* Input data:
--
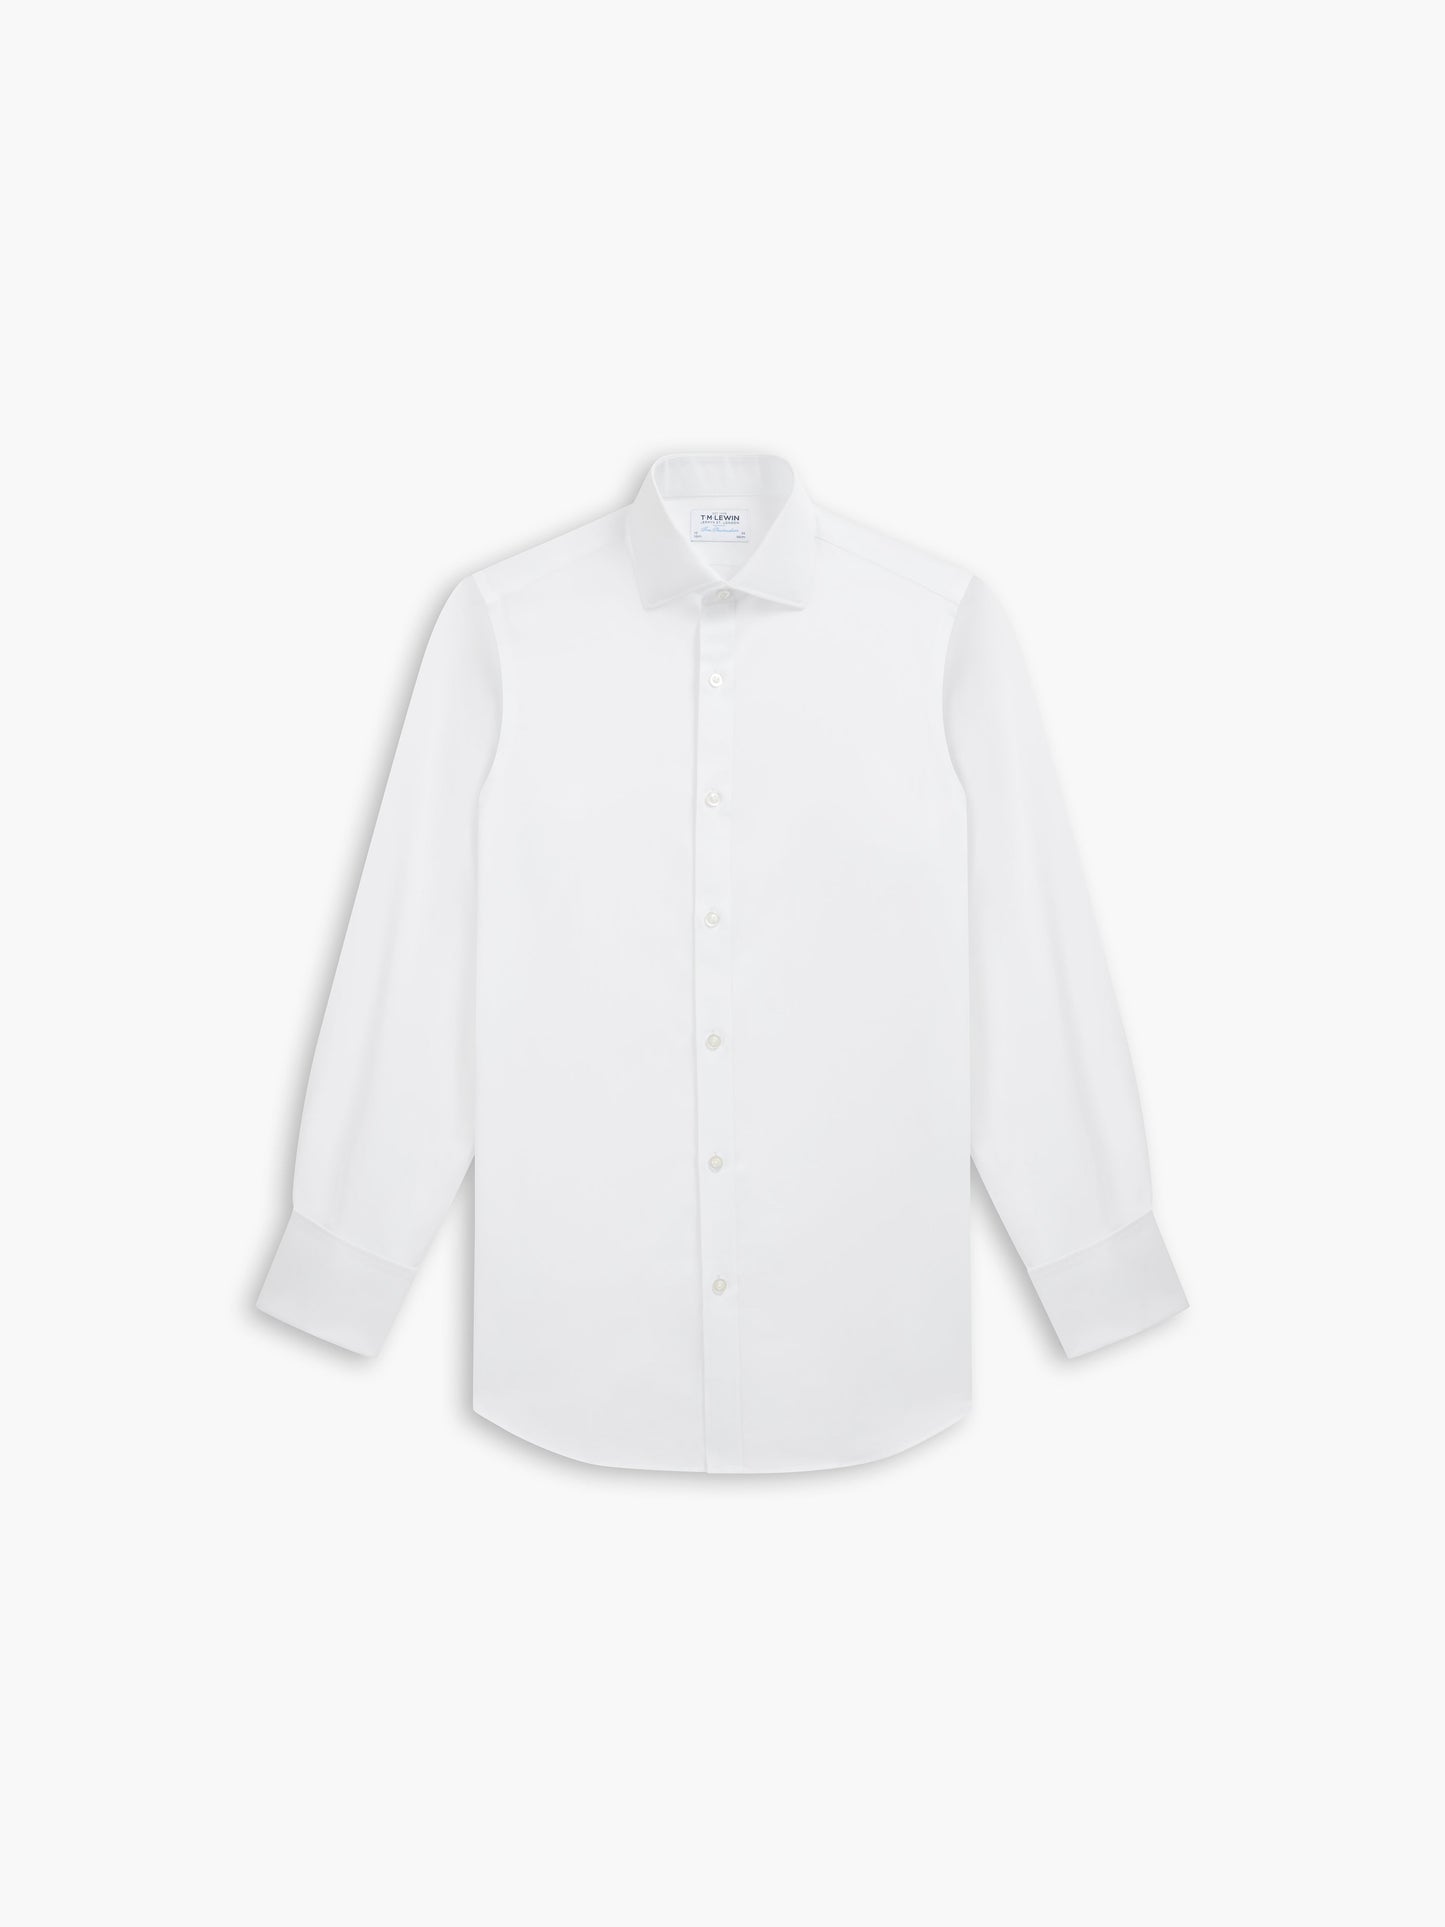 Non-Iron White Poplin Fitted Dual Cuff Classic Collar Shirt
--
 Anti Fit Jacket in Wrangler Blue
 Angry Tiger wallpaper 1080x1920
--
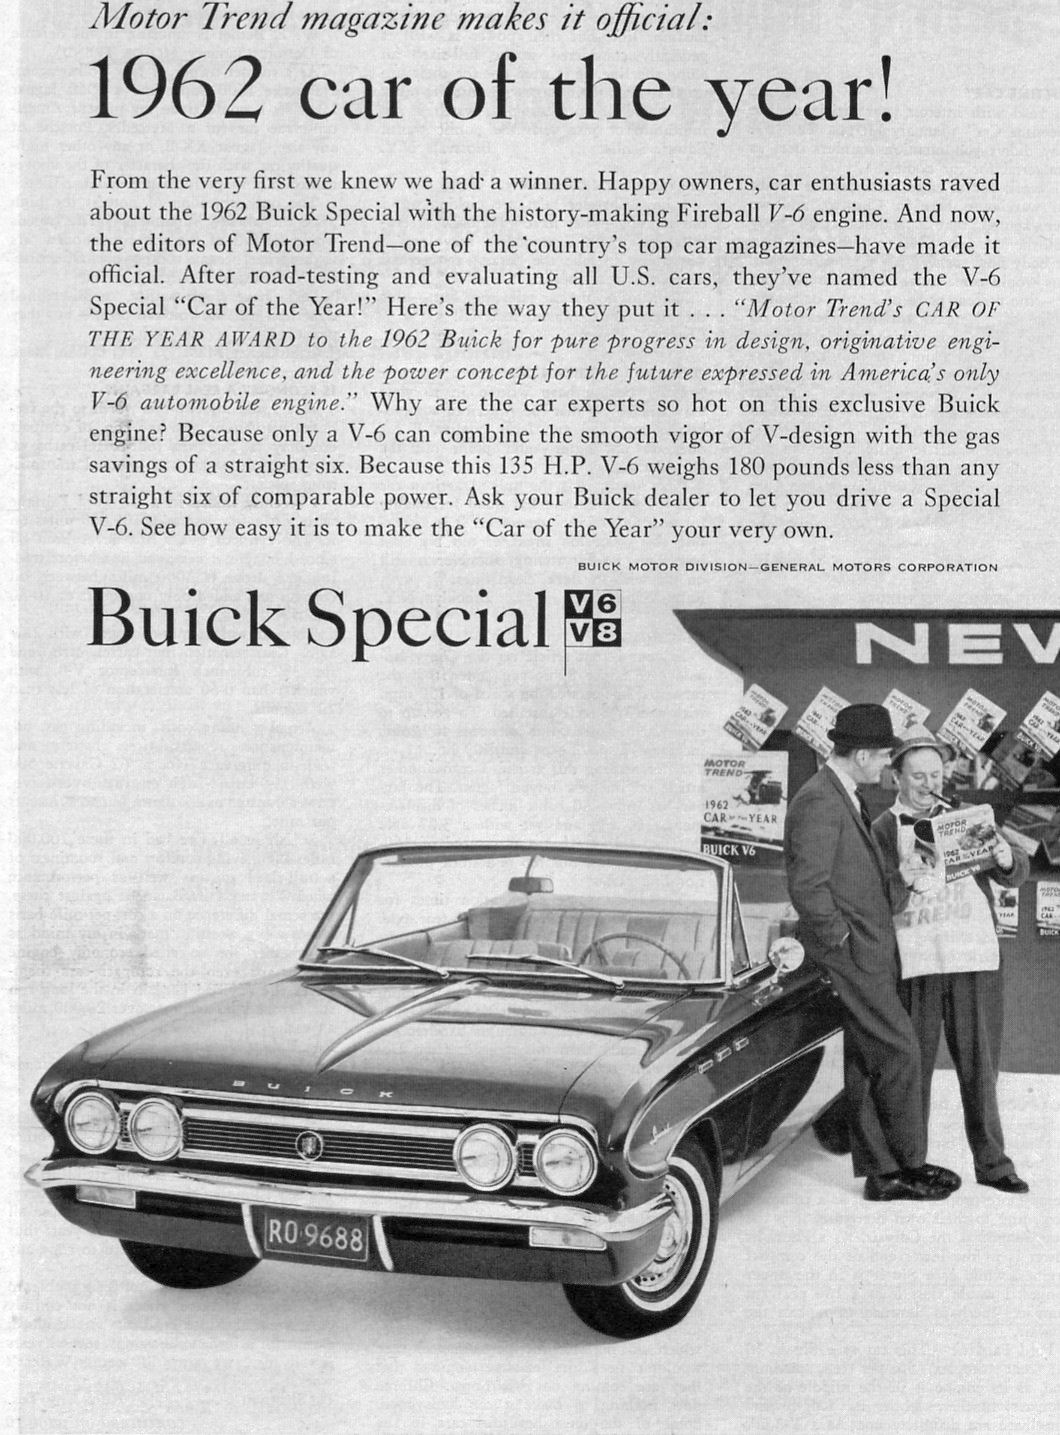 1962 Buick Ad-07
--
* Task: Would you copy, unchanged, the stretch of the records above that begins at the line containing "Anti Fit Jacket in Wrangler Blue" and ends at the line containing "Angry Tiger wallpaper 1080x1920", and only that?

* Exercise answer:
 Anti Fit Jacket in Wrangler Blue
 Angry Tiger wallpaper 1080x1920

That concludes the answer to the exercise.